Activity → Your reply should contain the whole listing below, repeated exactly, and no images.

Given information →
============================================================

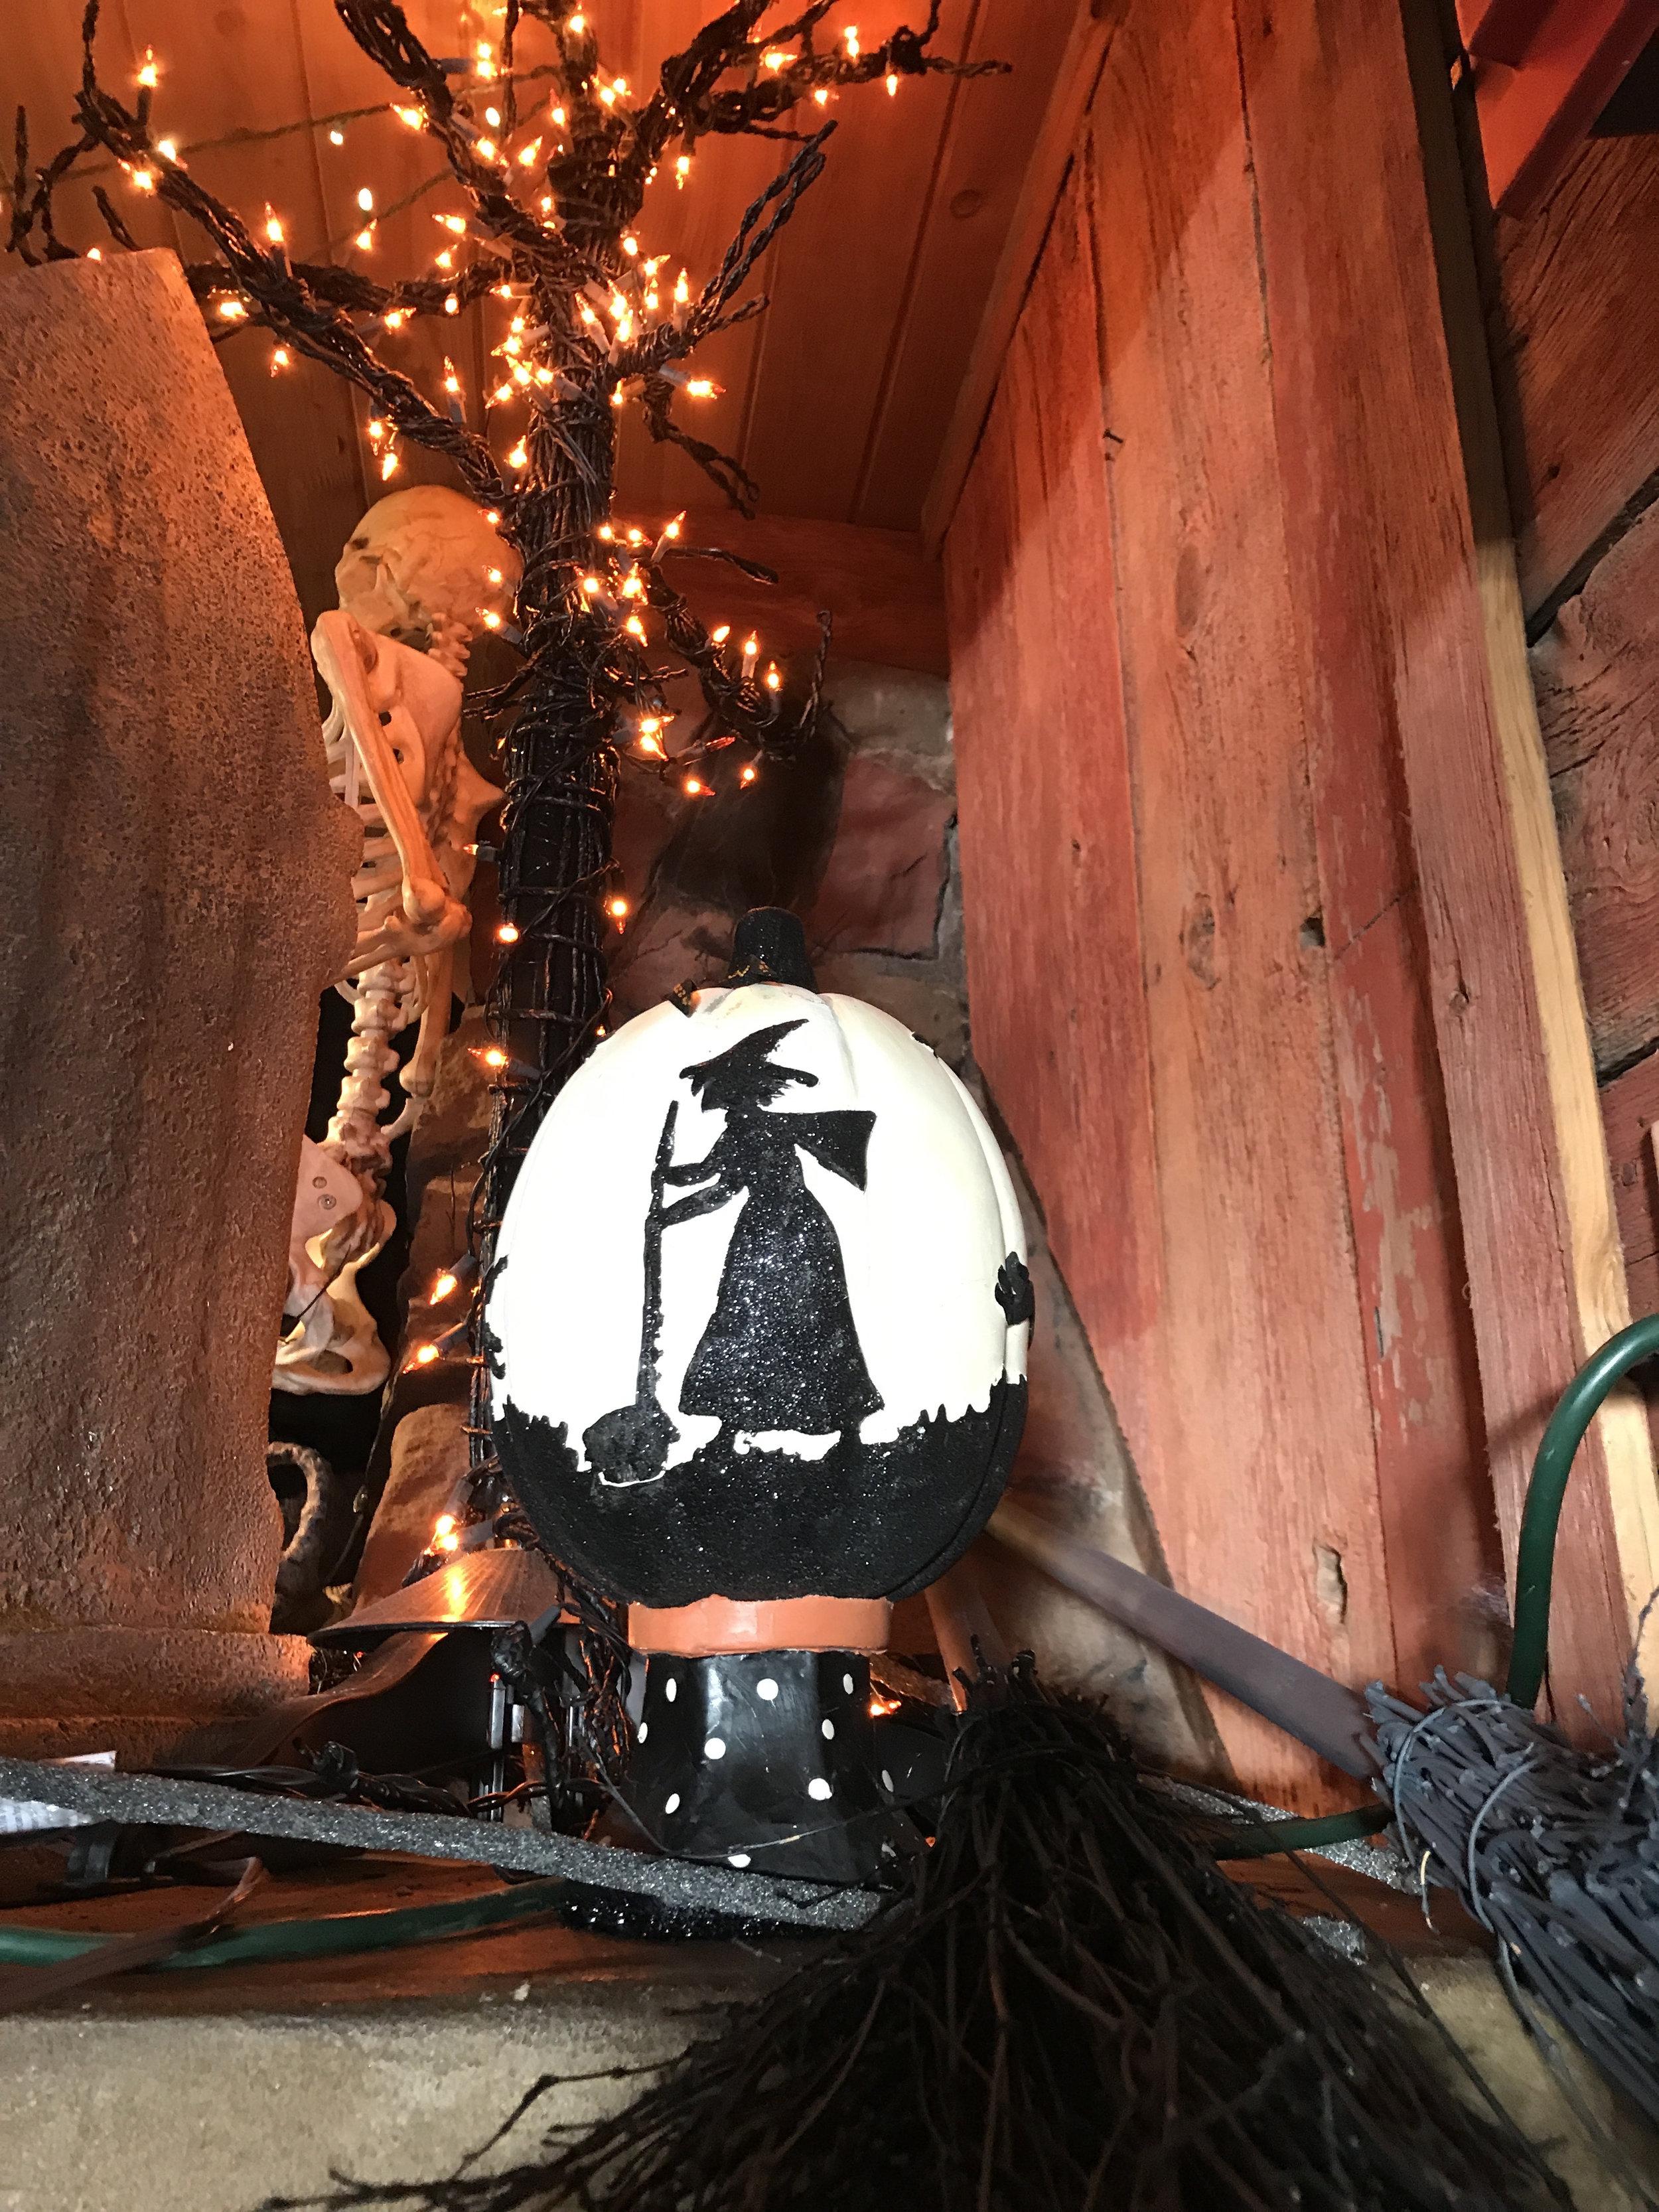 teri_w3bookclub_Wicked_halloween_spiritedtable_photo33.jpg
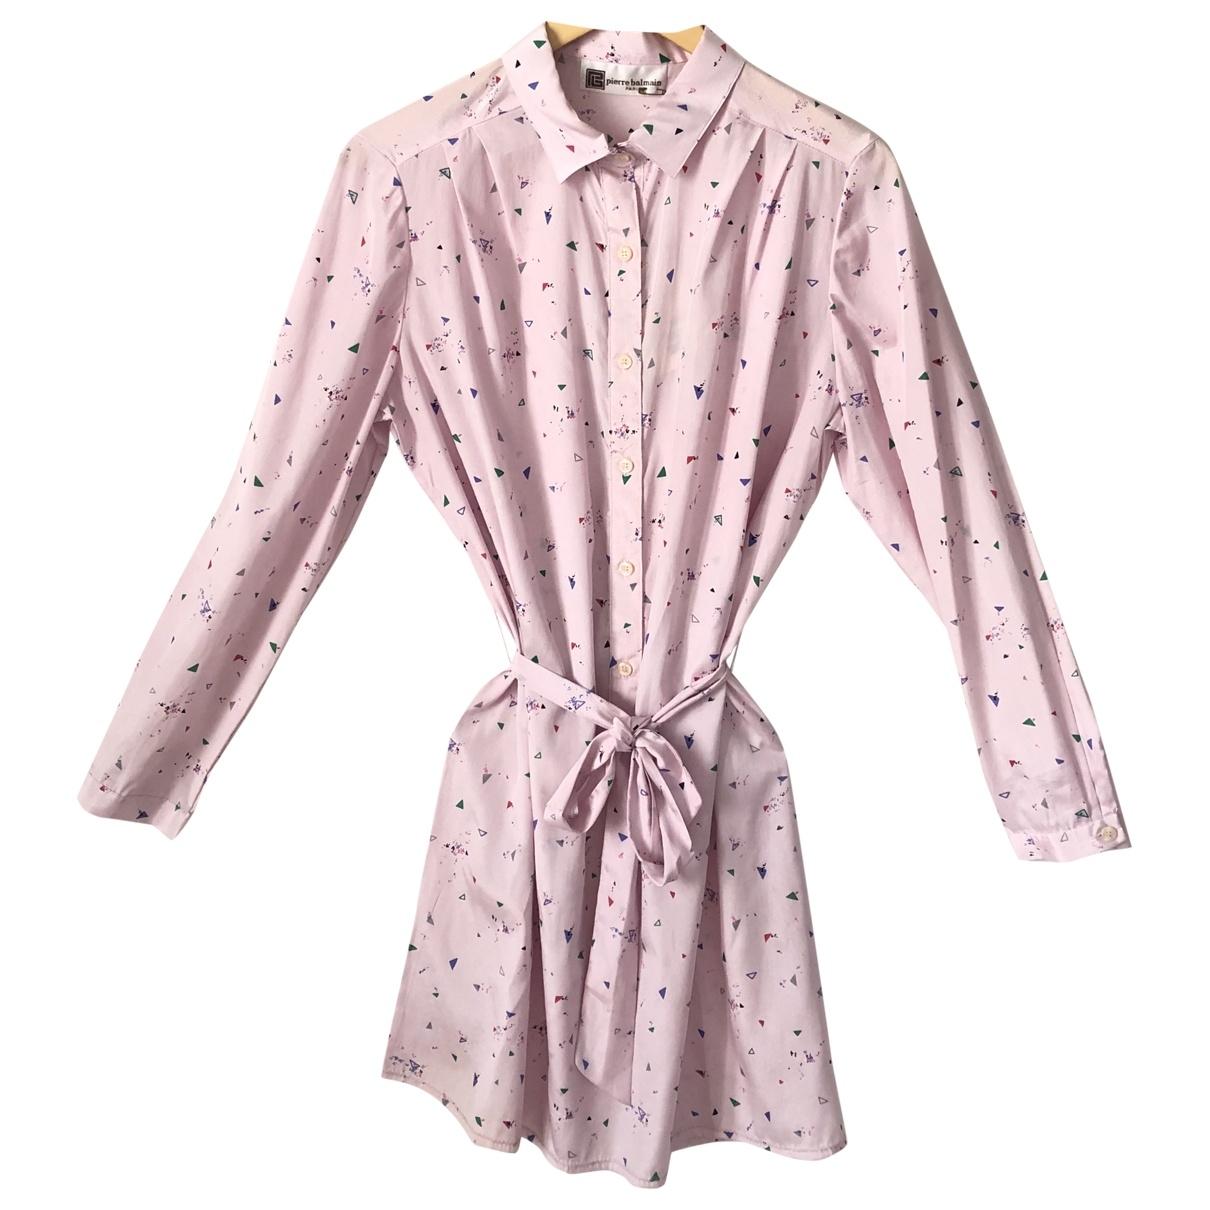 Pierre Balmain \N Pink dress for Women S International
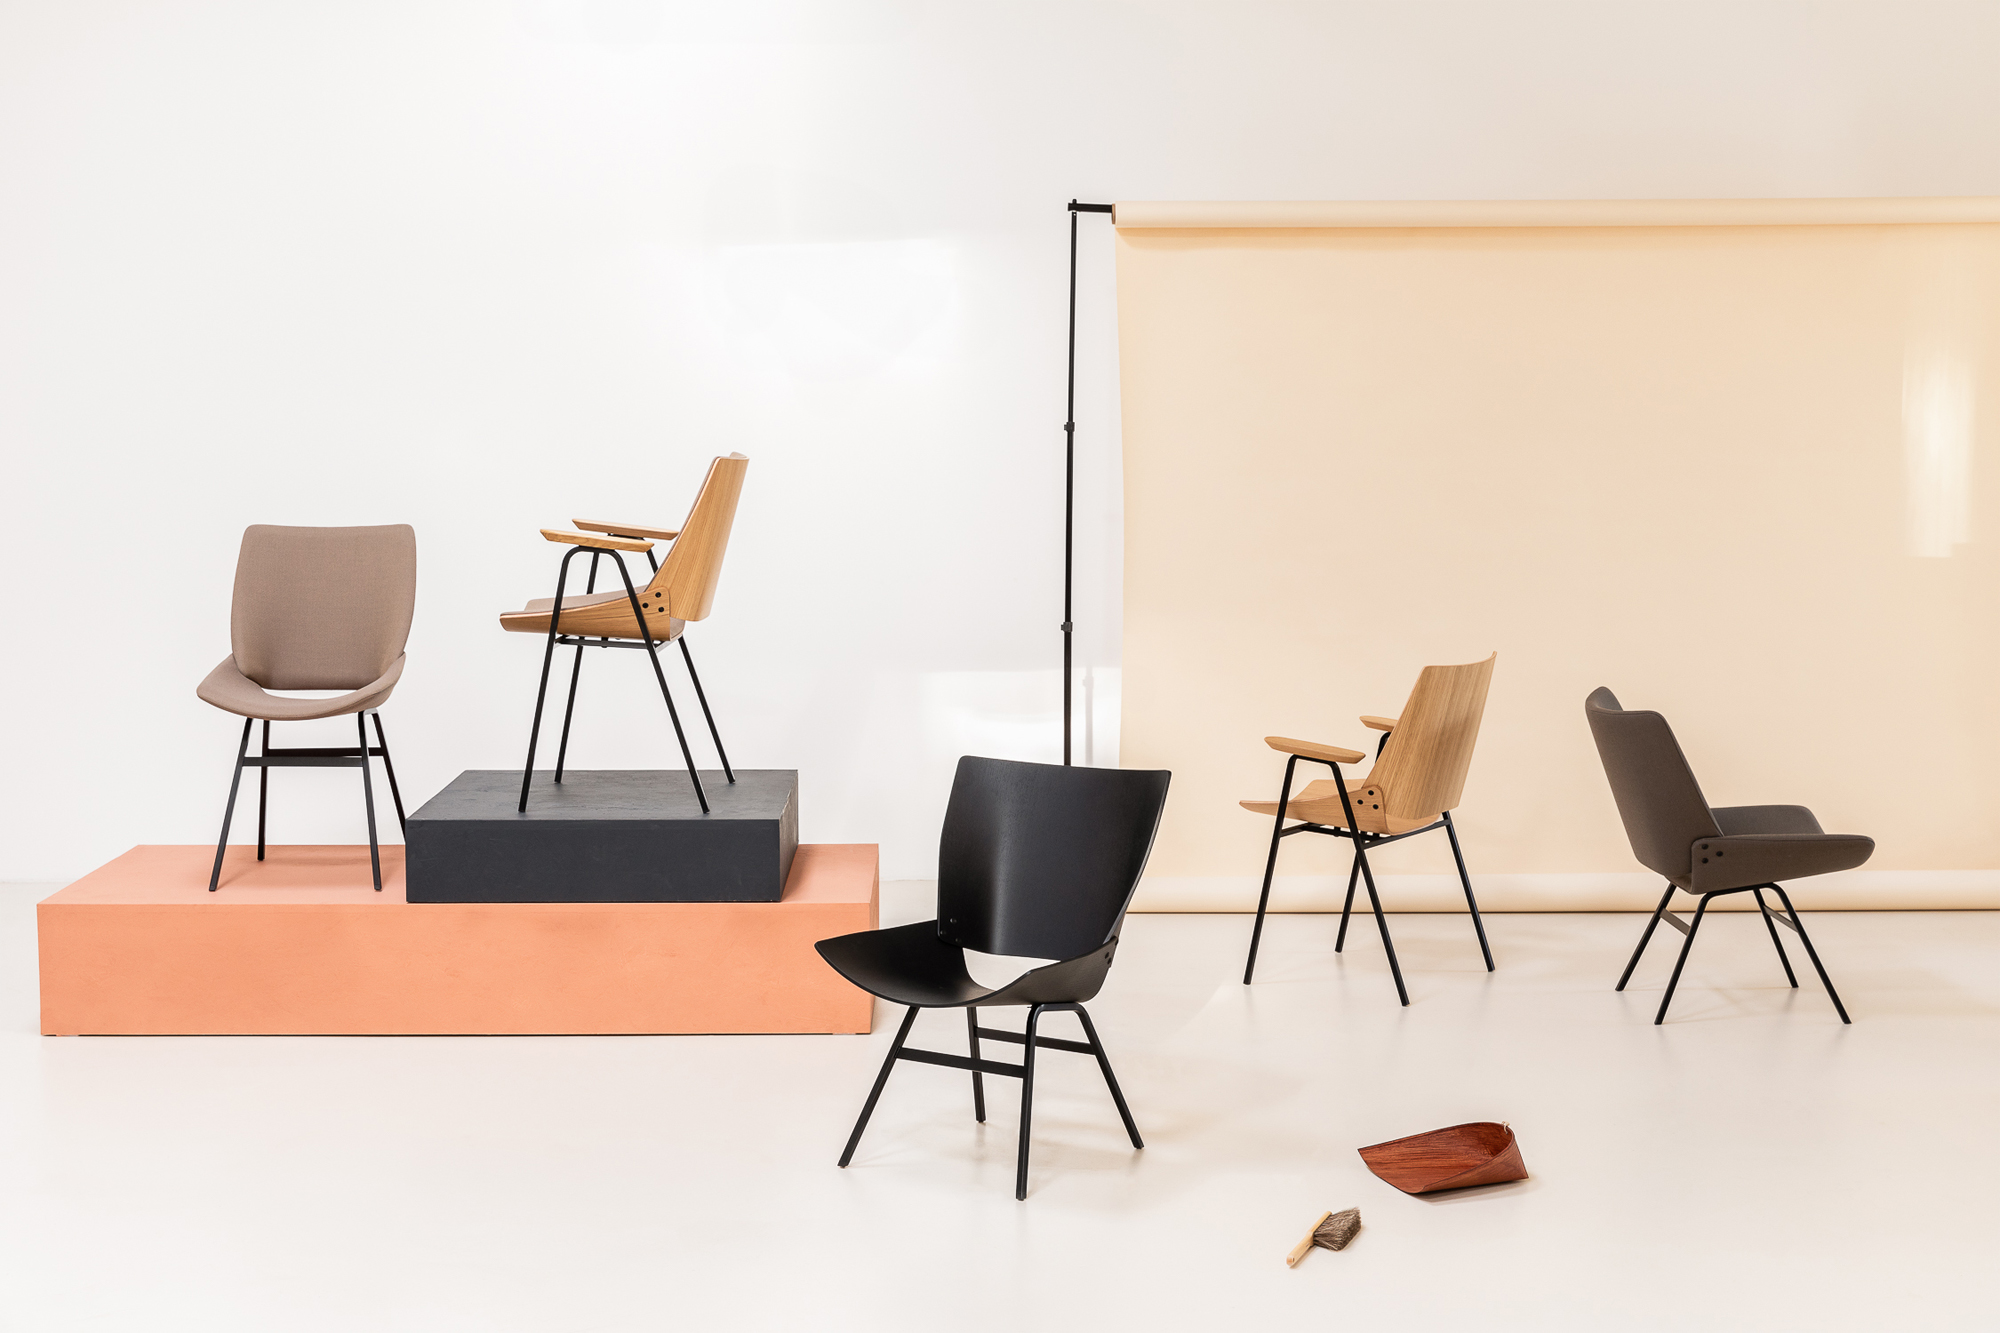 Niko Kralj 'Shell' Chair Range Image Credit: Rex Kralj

============================================================

The completed task →
 teri_w3bookclub_Wicked_halloween_spiritedtable_photo33.jpg
 Pierre Balmain \N Pink dress for Women S International
 Niko Kralj 'Shell' Chair Range Image Credit: Rex Kralj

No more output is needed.